The opinion of the Panaman Government in this respect is that there is not and cannot be any incompatibility between the stipulation of the treaty and the Constitutional provision. The stipulation points out a possible cause for belligerency in compelling Panama to perform certain measures of cooperation which on account of their being inconsistent with the condition of neutrality Panama must carry out, “considering herself in a state of war.”12 The Constitutional provision lays down the manner in which the condition of belligerency will be formally pronounced if there should be occasion therefor. If an armed conflict in which the United States be a party should arise, it will devolve upon the Executive Power immediately to carry into effect the clause in the treaty, and the National Assembly, if it should not be in session, will have to be called in this grave emergency, and it will be for it to decide afterwards whether or not there is occasion to “declare war.”

[Page 677]

The two points above stated do not call for any substantial change in the article and may be explained in a manner that will leave no room for doubt.

The article must also be clarified so that there may not appear on the part of Panama a belligerency of an offensive nature which was wholly out of the intent and purpose of the High Contracting Parties. The clause exclusively refers to the protection of the Canal. Its nature is therefore essentially defensive and its sphere of action cannot go beyond the territory of the Isthmus.

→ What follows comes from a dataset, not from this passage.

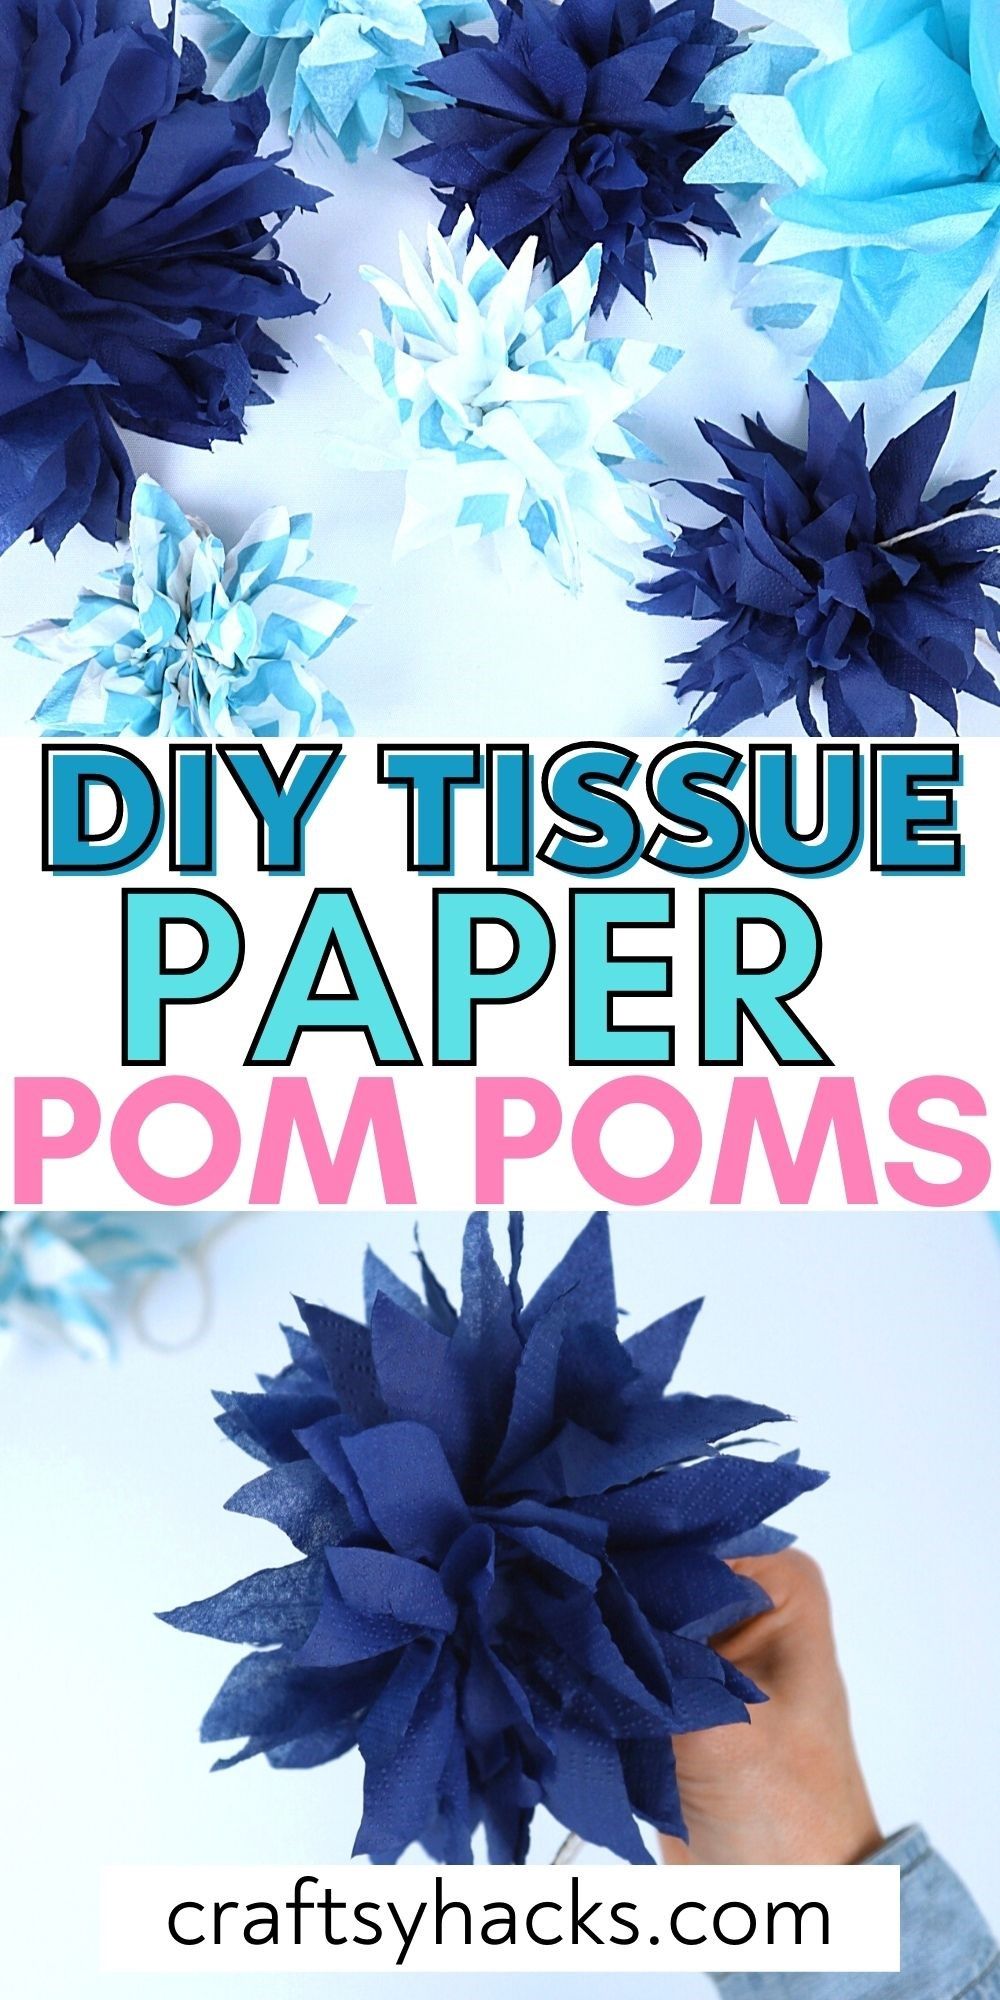 DIY tissue paper pom poms
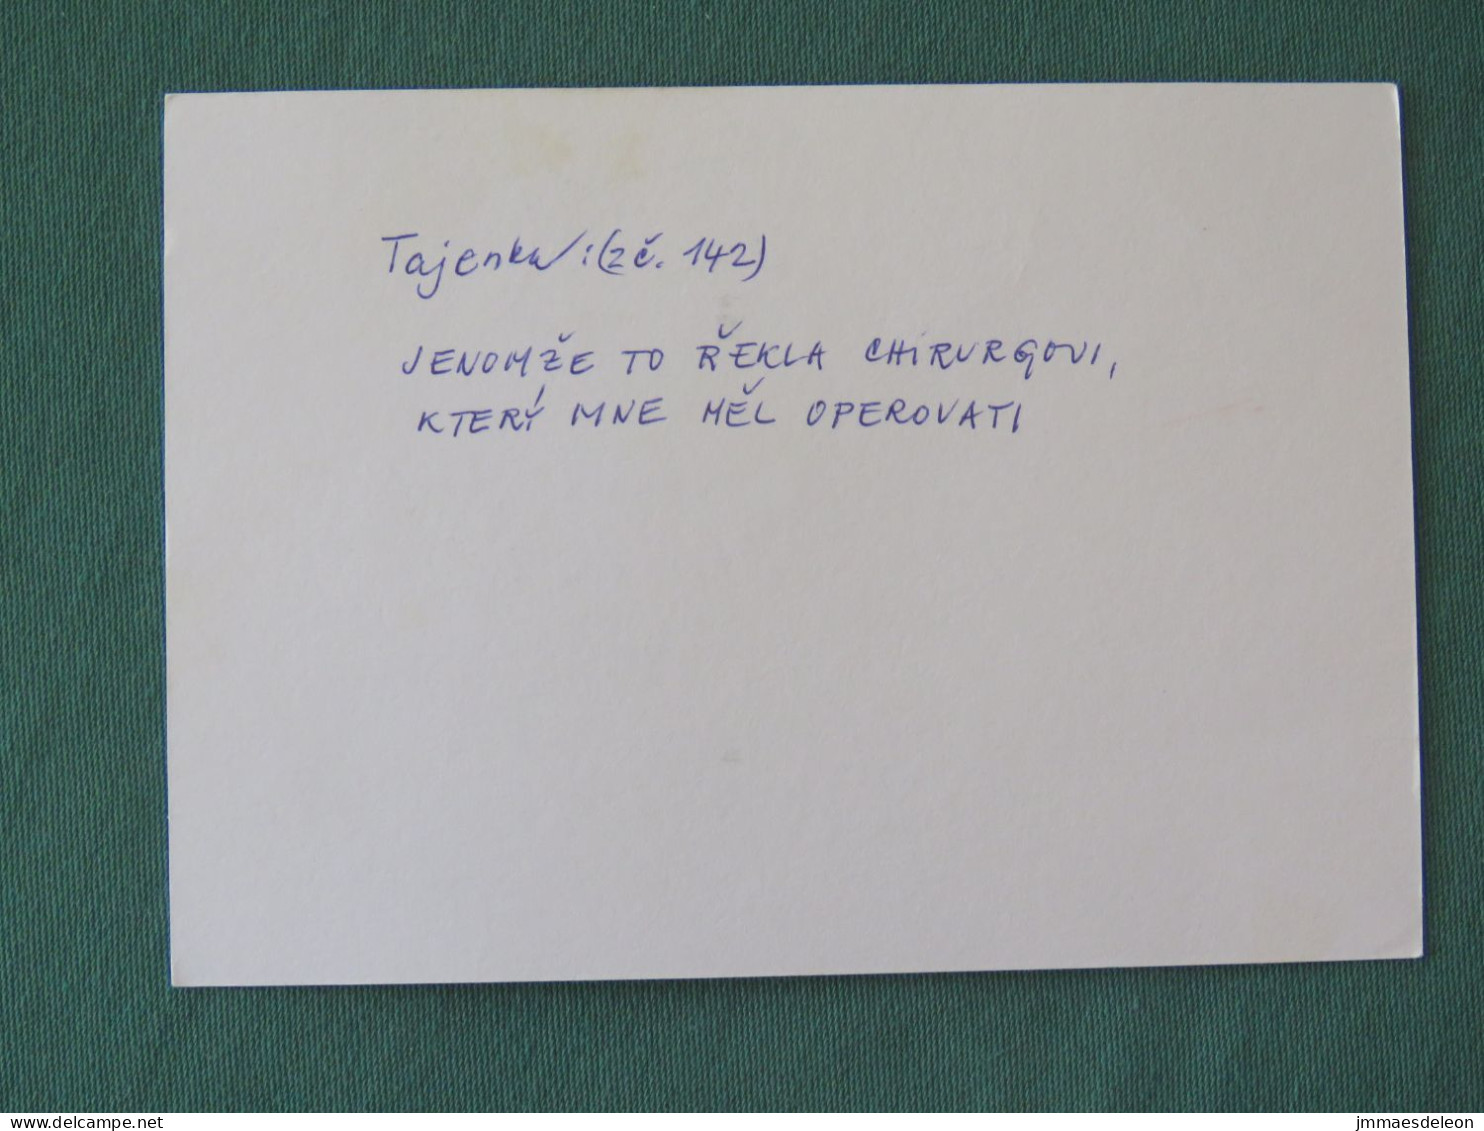 Czech Republic 1998 Stationery Postcard 4 Kcs "Prague 1998" Sent Locally - Lettres & Documents

The Panaman Government deems it desirable and advisable to clarify that article in the manner suggested in the remarks that have just been offered.

Article XII.

No substantial objection has been made to this clause. In this connection it is enough to point to the expediency of making small changes in certain paragraphs introduced by the Treasury Department that do not conform to the predecessor of this article, which is the monetary agreement concluded in June 1904, which changes were suggested as desirable during the negotiations.

Articles XIII and XIV.

There is no remark to be made.

  1. This undated memorandum was handed to Francis White, the Assistant Secretary of State, by the Panaman Minister on January 5, 1928.
  2. File translation revised.
  3. Foreign Relations, 1904, p. 543.
  4. See exchange of notes, July 28, 1926, Foreign Relations, 1926, vol. ii, p. 853.
  5. Not printed.
  6. Foreign Relations, 1926, vol. ii, pp. 849853.
  7. None printed.
  8. The part of the sentence meant is “and to such other persons as under the provisions of Section 4 of this Article may be permitted by the United States to dwell in the Canal Zone, and who actually do dwell in said zone, it being understood that guests of the hotels operated by the Panama Canal or the Panama Railroad Company are not included unless they come under one of the other classes to which such sales may be made.”
  9. See Foreign Relations, 1904, p. 640 and 37 Stat. 560.
  10. Foreign Relations, 1904, p. 569.
  11. The whole phrase in article XI of the treaty of July 28, 1926, reads: “Consequently the Republic of Panama will consider herself in a state of war in case of any war in which the United States should be a belligerent.”